Last Train to Lhasa is an album by Banco de Gaia which was released in 1995. It was released as double CD or triple LP. A "Special Limited" 3 CD/4 LP edition contained three additional remixes.

It is widely assumed that the album's techno and ambient compositions contain sampled chantings of the people of Tibet but in fact there is only one sampled Tibetan sound on the whole album.

The album reached No.31 in the UK's Album Charts. It would have entered the Top 30 but an error with the barcode on some copies led to not all sales being registered correctly. It did however still reach No.1 in the UK Independent Album Charts.
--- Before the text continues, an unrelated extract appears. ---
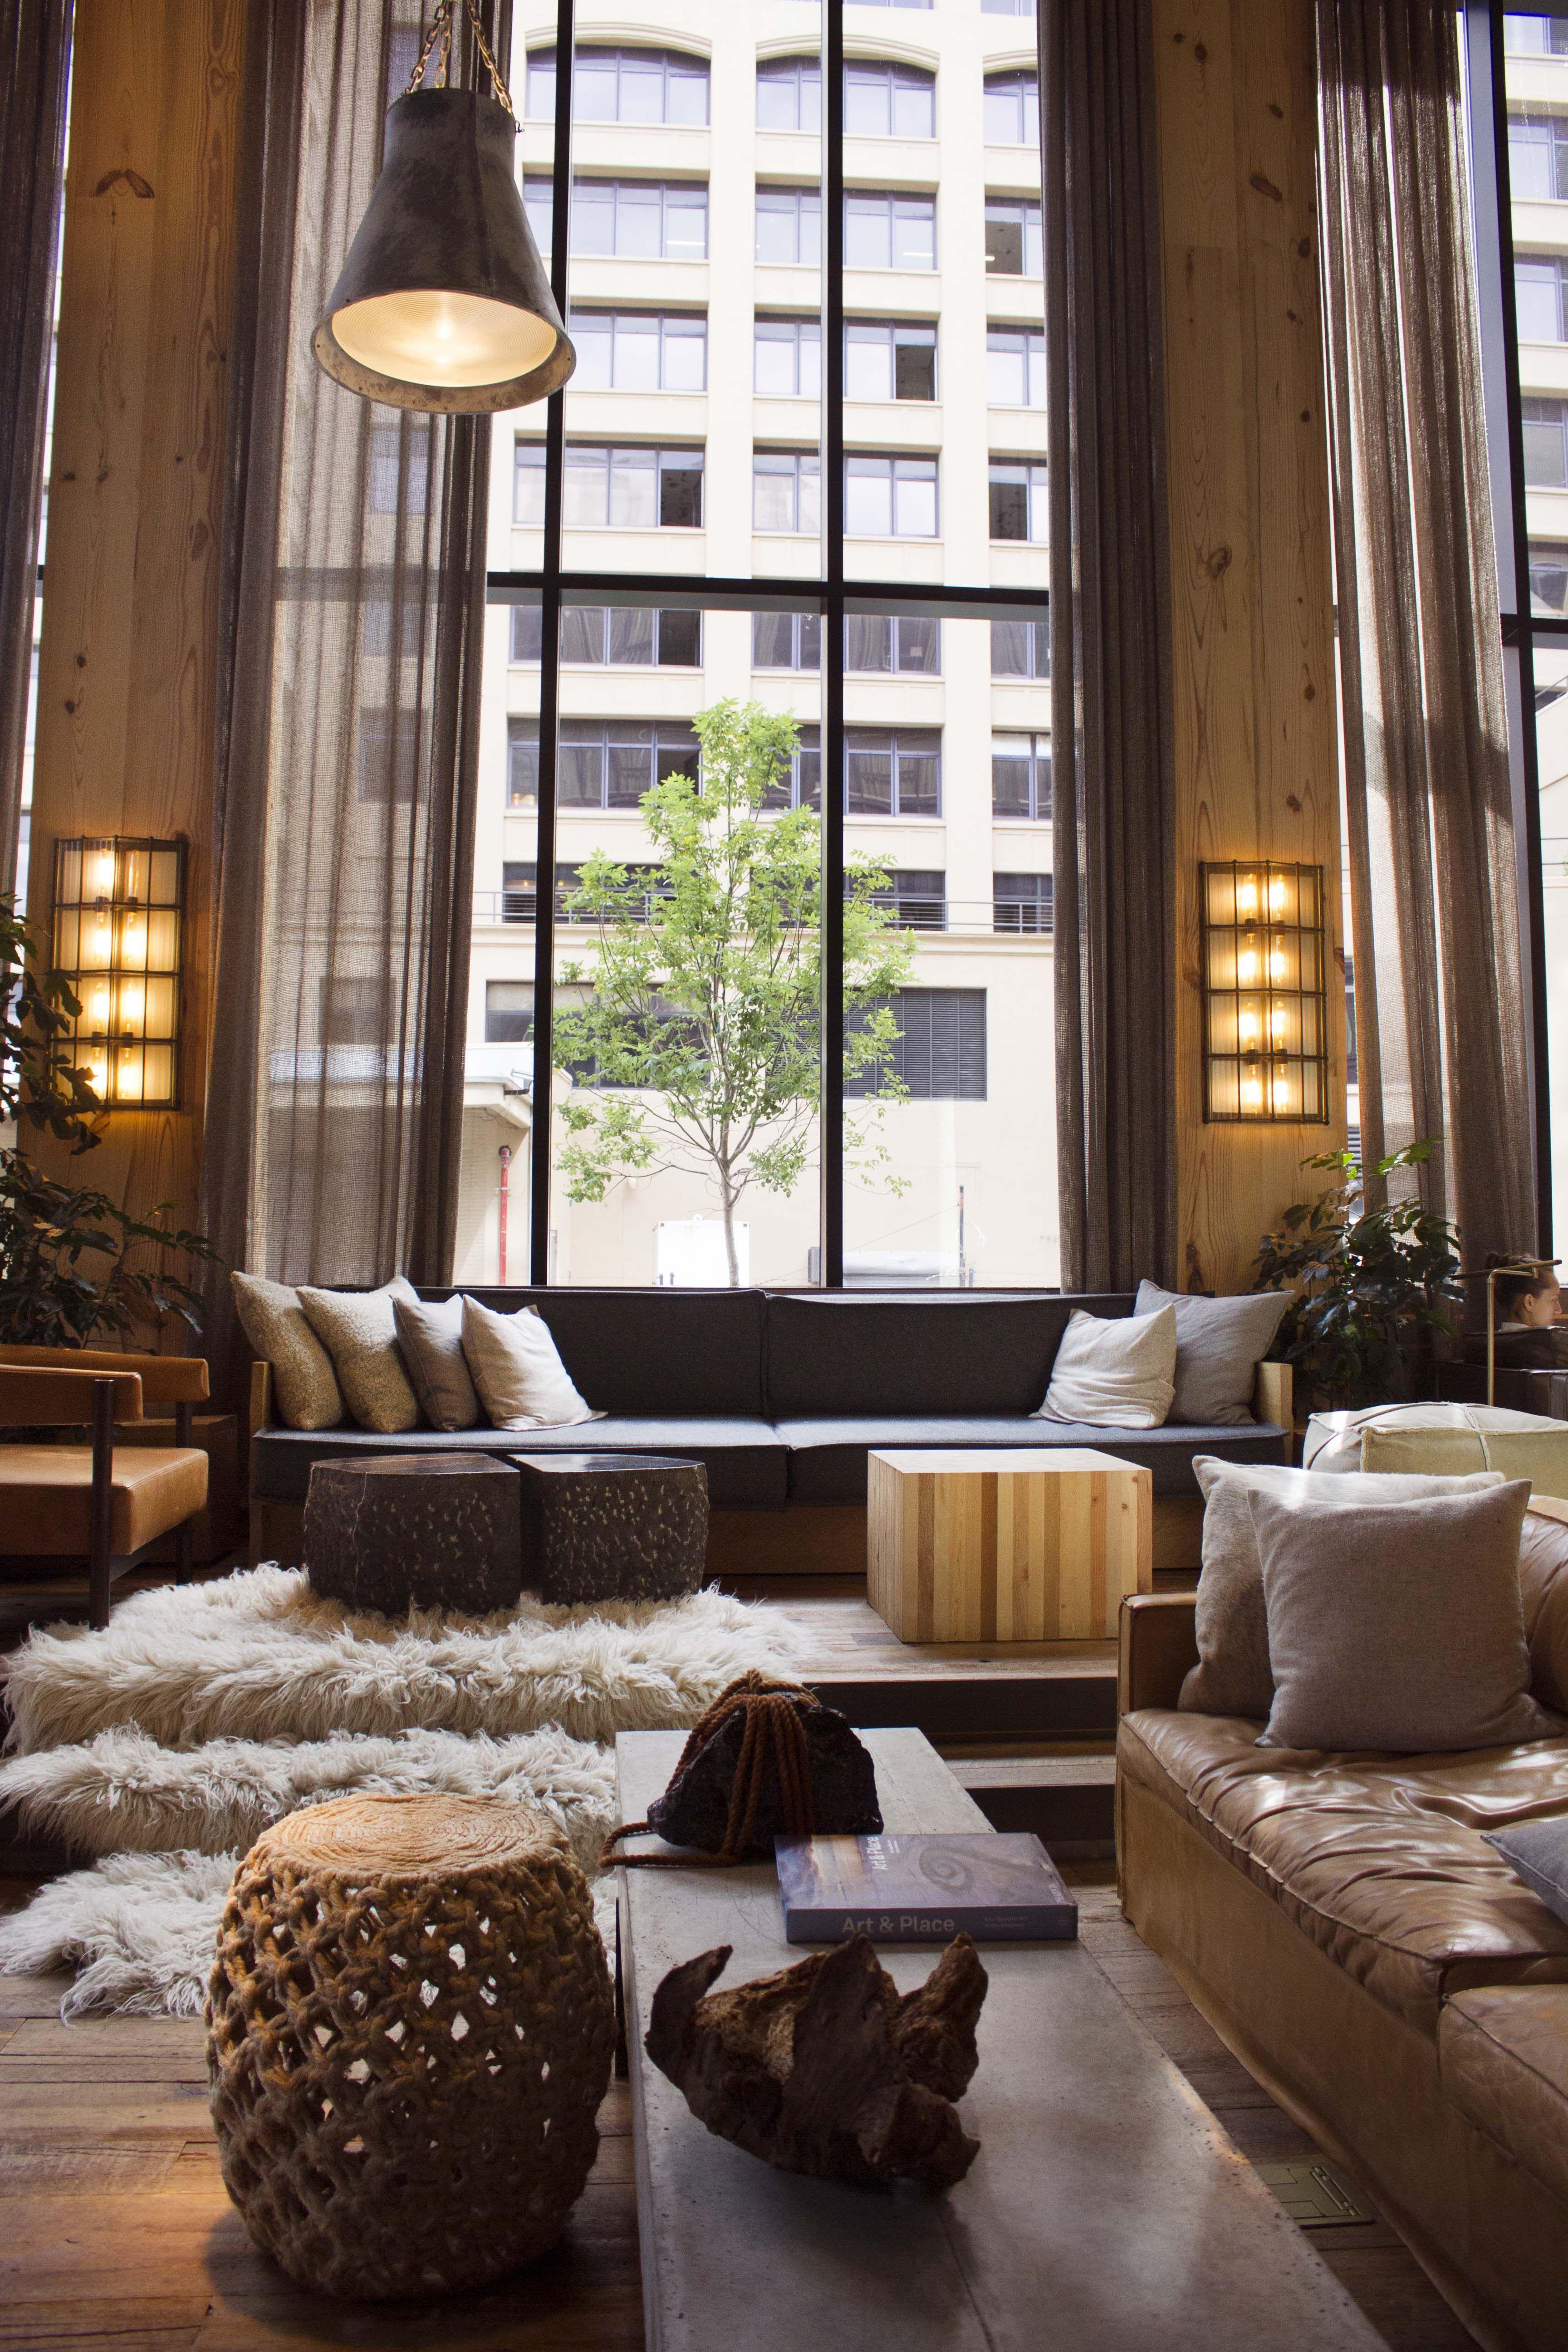 Hotel 1 Brooklyn Nyc Amazing Interiors In 2019 Room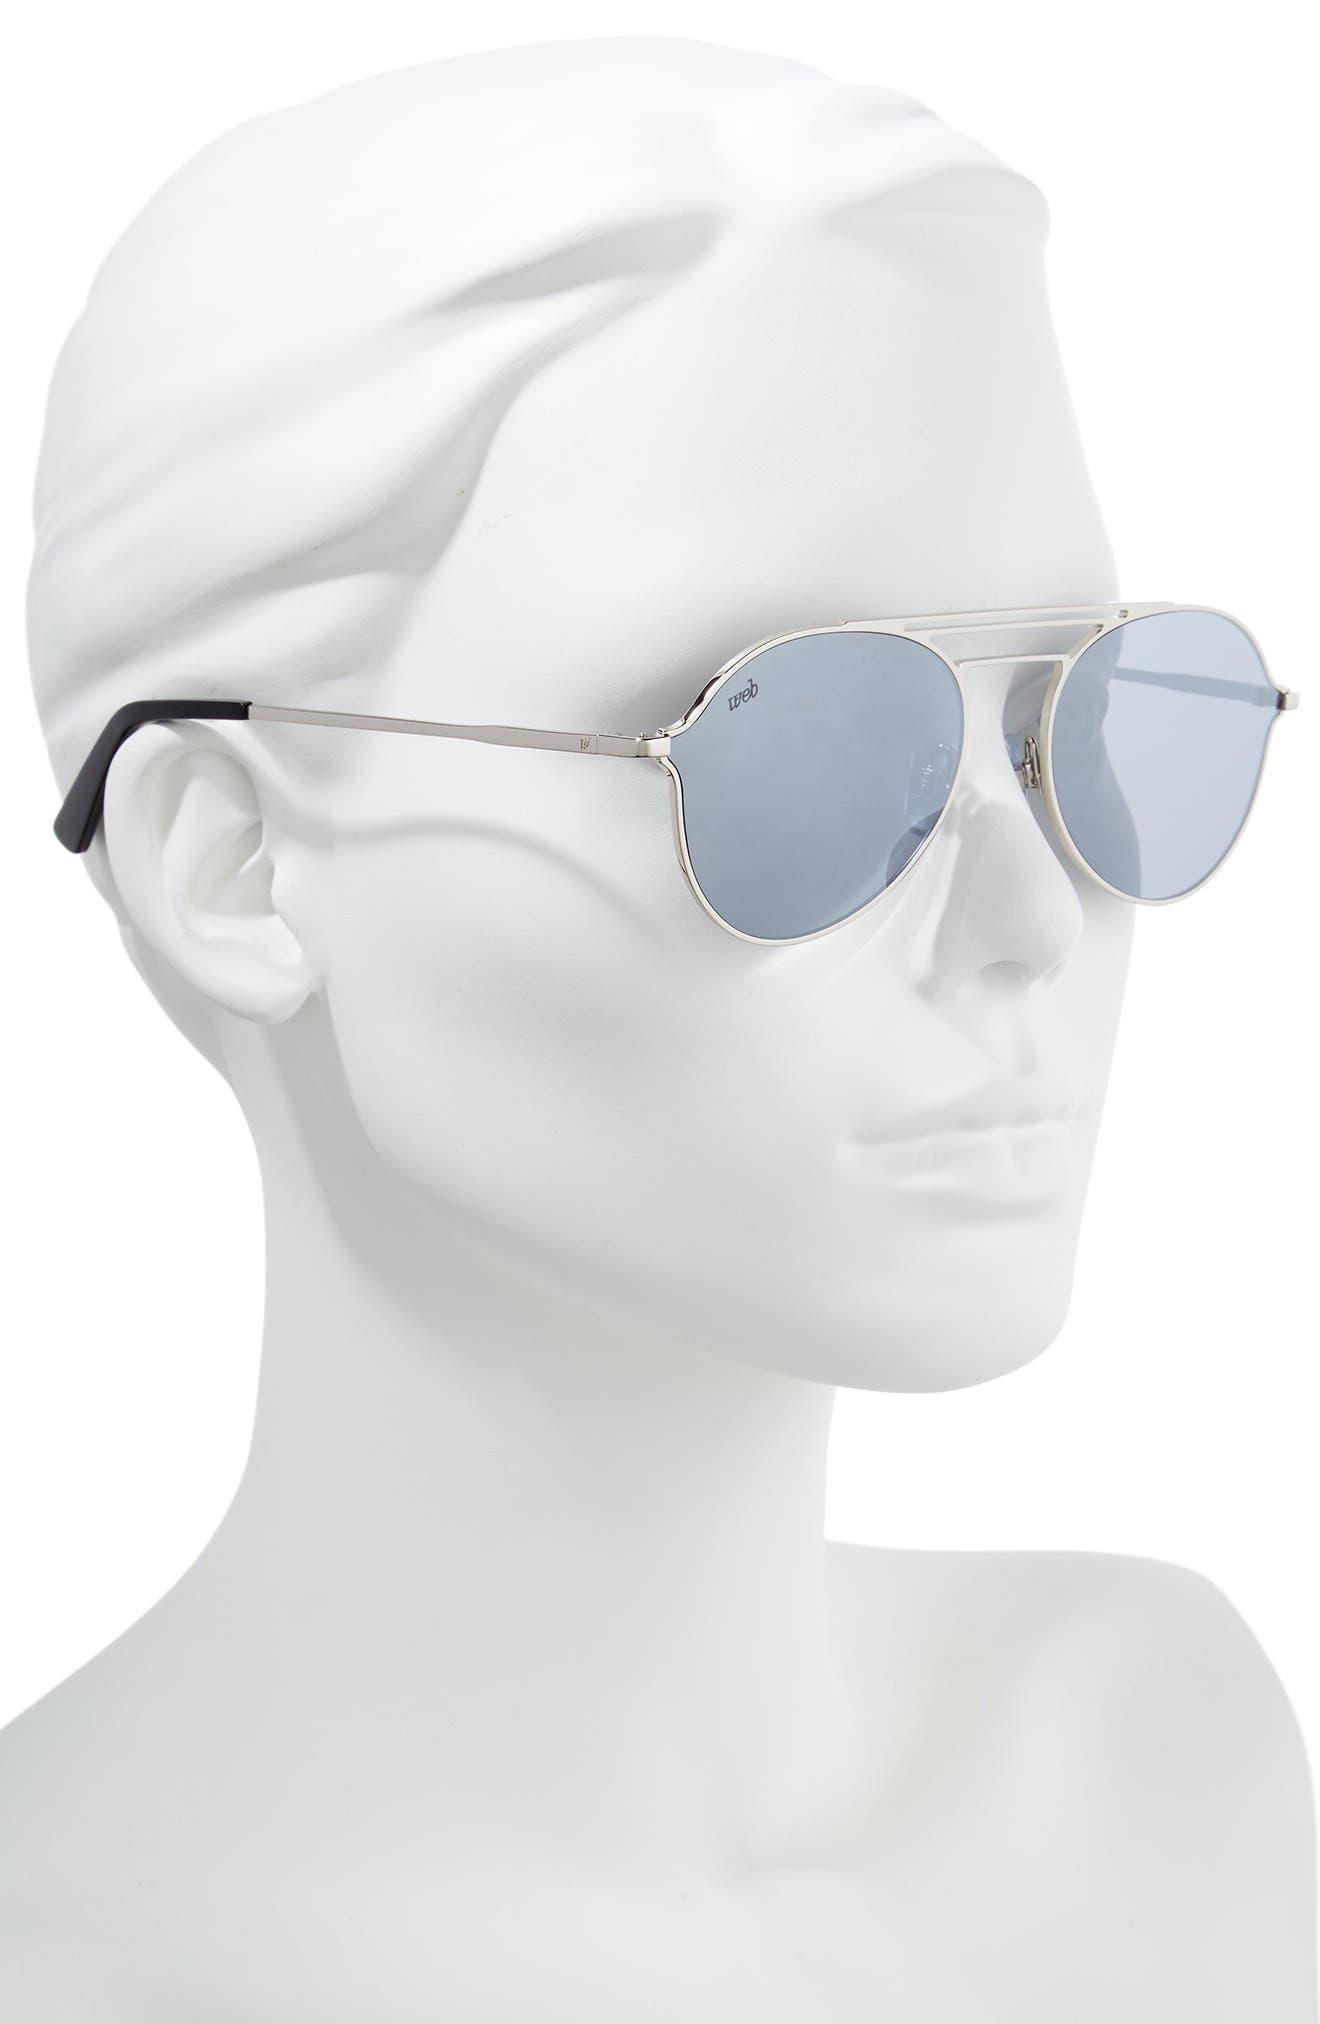 56mm Aviator Sunglasses,                             Alternate thumbnail 2, color,                             Shiny Palladium/ Smoke Mirror

In 2002 the album was reissued on CD by Toby Marks's own Disco Gecko Recordings record label, and an expanded digital download version with extra tracks was made available in 2011. A new 4 CD Limited Edition version was released on June 21, 2015 to mark the album's 20th anniversary.

Influence
After a big success of the debut album Maya and a European tour with Transglobal Underground Toby Marks continued searching for new inspirations and began working on tracks for a new album. He joined The Tibet Support Group, a part of International Tibet Independence Movement and the decision of the Chinese government to build the Qingzang railway between the cities of Xining and the Tibetan capital of Lhasa inspired the title of one of the tracks. This later became the title of the whole album and Marks used the album's cover to highlight the plight of the Tibetan people under Chinese occupation.

"Amber" contains the sampled line "My god, it's full of stars…" from the Peter Hyams movie 2010: The Year We Make Contact.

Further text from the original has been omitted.